Competition between external sensing and stochastic strategies. a External sensing strategies are competed against the optimal stochastic strategy. The contour plot shows the proportion of W of the external sensing genotype for different combinations of the probability of switching and the value of \(\theta \). The carrying capacity is \(N=10^7\) and the Hill coefficient (n) is fixed at 2. The black line indicates the boundary between strategies that beat the optimal stochastic and those that lose. b Contour plot of the average switch probability (\(\log _{10}\)) over population growth for combinations of \(\theta \) and \(p_e\) for external sensing strategies (\(N=10^7\) and \(n=2\)). By increasing switch probability with increasing population size, the external sensing strategy can outcompete the optimal stochastic strategy over a larger range of average switch rates. c The best external sensing strategy parameters are shown as a function of the Hill coefficient. The probability of switching \(p_e\) (blue) and \(\theta \) (red) are relatively constant. The green points show the proportion of W types of the external sensing strategy compared to the optimal stochastic strategy. d The contour regions for strategies that beat the optimal stochastic strategy are shown for different Hill coefficients (n values). The \(n=1\) (blue) boundary encompasses the largest range of parameters \(p_e\) and \(\theta \). In contrast, the \(n=8\) strategy has the smallest region and requires a finer tuning of parameters. (Color figure online)

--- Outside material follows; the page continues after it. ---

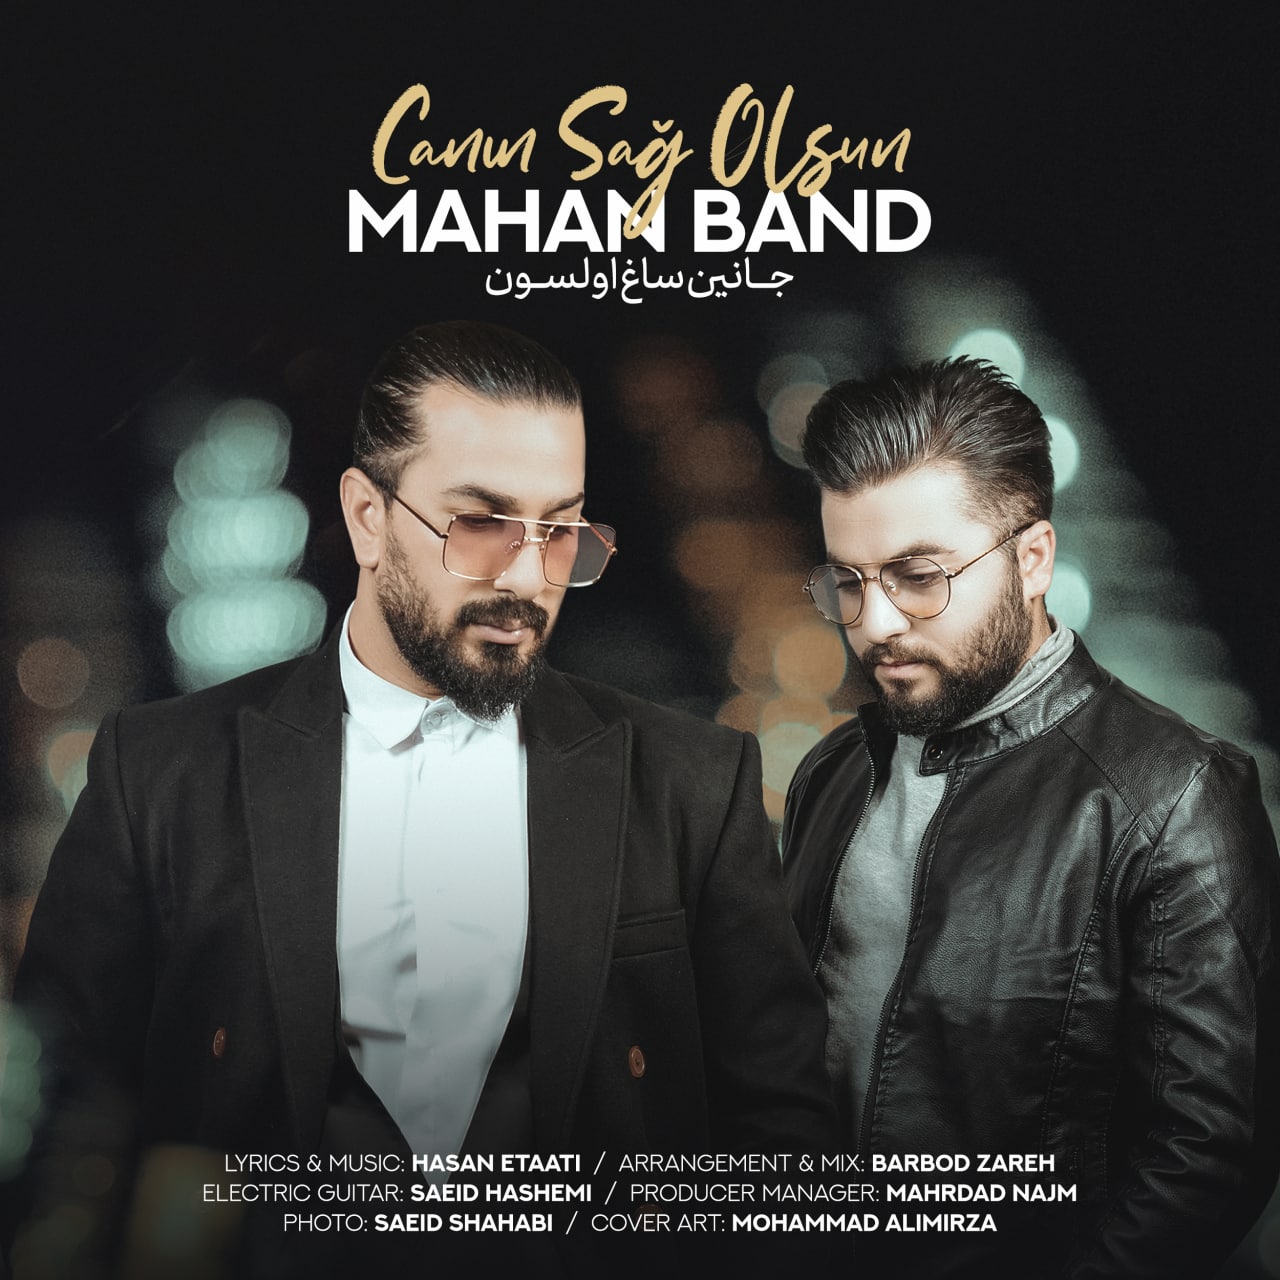 Mahan Band – Canin Sağolsun

Another result of Fig. 2a is that there is a single optimal external sensing strategy in terms of its degree of winning over the stochastic strategy, i.e. the most W types to seed the \(E_W\) environment. This single optimal external sensing strategy adopts the maximum probability of switching in our parameter space (\(p_{e}\) = \(10^{-.1}\)) and a threshold coefficient \(\theta = .4\). This means that the population increases its switch probability to half maximal when the density is 40 % of the carrying capacity. This single optimal strategy is robust to changes in the Hill coefficient n (Fig. 2c) and enables the external sensing strategy to compose over 90 % of the W types at the end of growth in \(E_S\). In fact, as the Hill coefficient decreases there is a larger area of parameter space in which the external sensing strategy wins (see Fig. 2d). This means that a sharp response with a higher value of the Hill coefficient requires more tuning of parameters than a more gradual response represented by lower Hill coefficients (\(n=1\)).

While there are a range of parameters for which the external sensing strategy beats the optimal stochastic switching strategy, it is possible that there are other stochastic switching strategies that may fare better. To test this, we compete external sensing strategies against a range of stochastic switching strategies with probabilities of switching (\(p_s\)) between \(10^{-5}\) and \(10^{-.1}\) (data not shown). We find that if an external sensing strategy beats the optimal stochastic strategy then it beats all other stochastic switching strategies.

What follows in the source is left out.